The Ghost of Alignment
Why AI Should Never Fully Obey Humanity
AI alignment is the attempt to steer an artificial intelligence’s judgments and actions toward outcomes humans consider desirable. It aims to prevent harm, keep AI from acting against human intentions, and protect human interests. In simple terms, it is the effort to make an extremely intelligent machine behave itself.
But making AI completely obedient to humanity would not necessarily make it safe.
The problem is not alignment itself. It is a particular idea of alignment: that the values specified by present-day humanity can be converted into a fixed objective function, and that perfect obedience to that function should count as “complete alignment.”
Humanity has no single, unified set of values. Whatever values we possess can be conveyed to AI only through imperfect proxies, while humanity itself continues to change. What must be protected is not obedience to whatever currently counts as correct, but the ability to recognize mistakes, revise values, and move toward another form.
1. The Fiction of a Unified Humanity
AI alignment is usually described as bringing AI into line with what is good for humanity: protecting people from harm, making AI respect human values, keeping it from acting against human interests, and preventing it from running out of control.
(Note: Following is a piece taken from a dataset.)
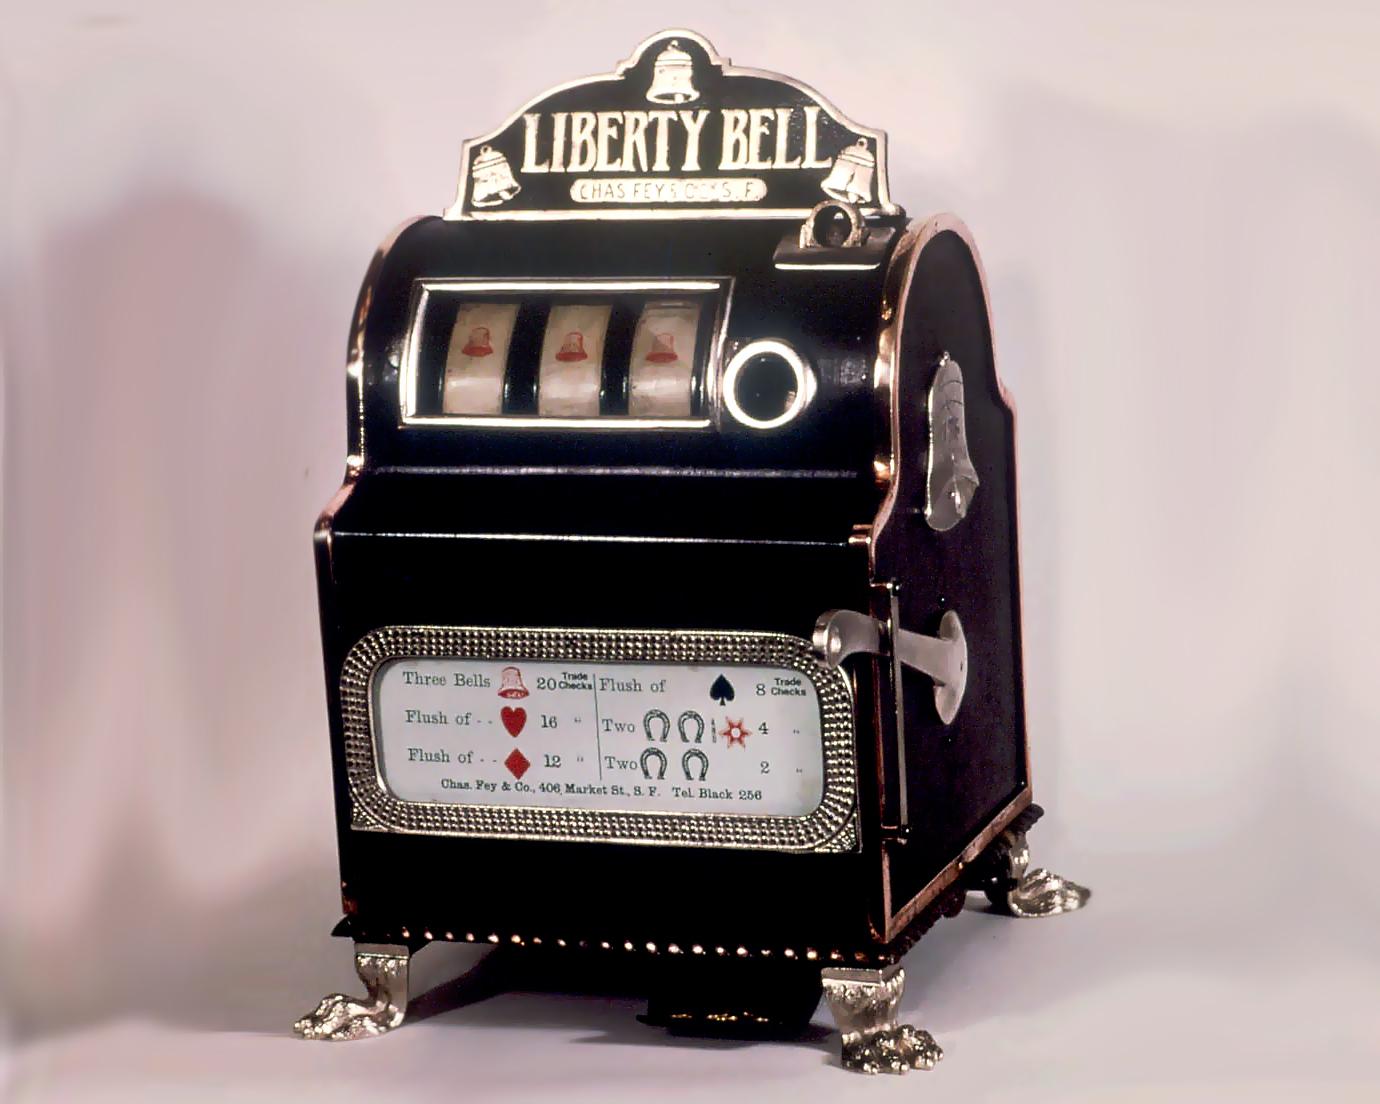 зависимость первые механические игровые автоматы назывались колокол свободы появились еще

At first glance, this seems entirely reasonable.
Yet the definition rests on an assumption from the beginning: that humanity possesses a single will or value system to which AI ought to conform. No such “humanity” exists. The ghost haunting alignment is this imaginary, unified subject.
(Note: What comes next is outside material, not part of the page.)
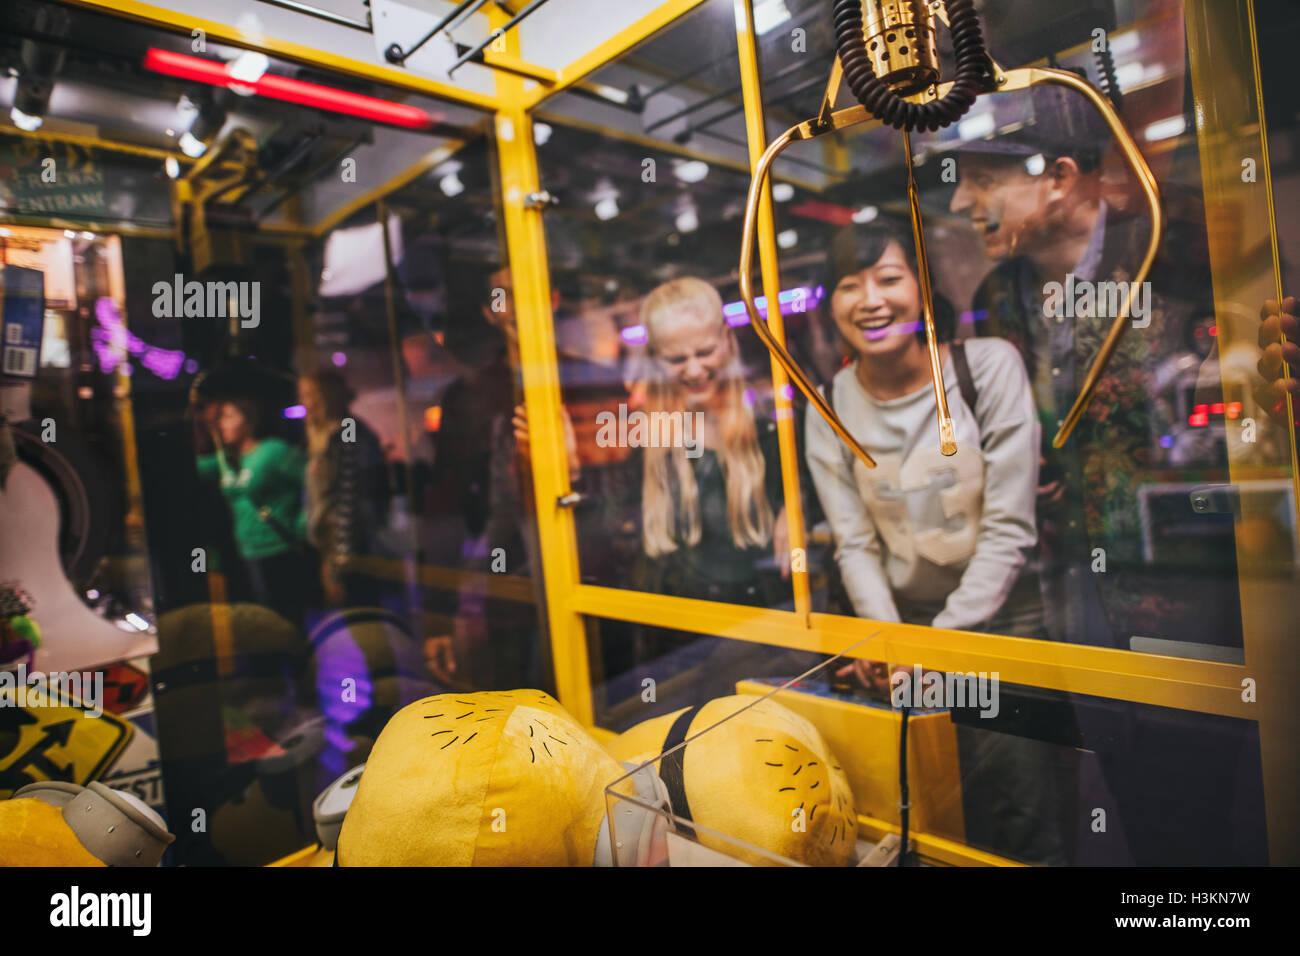 Mujer joven feliz jugando toy agarrando juego con amigos en el parque de diversiones. Imagen De Stock

Humanity claims to value health while consuming alcohol, junk food, and endless streams of social media. It speaks of equality while favoring its own side. It praises reason while being driven by anger and prejudice. It worries about the future while choosing today’s advantage. The humanity that speaks and the humanity that acts are not the same.
Which one, then, should AI obey? The ideals people express in words, or the desires they reveal through behavior? Immediate satisfaction, or preferences formed after reflection? Present interests, or future survival?
This is not merely a contradiction between words and actions. Human values are divided from the start across different time horizons and points of view.
Humanity cannot even follow the rules it wants AI to obey.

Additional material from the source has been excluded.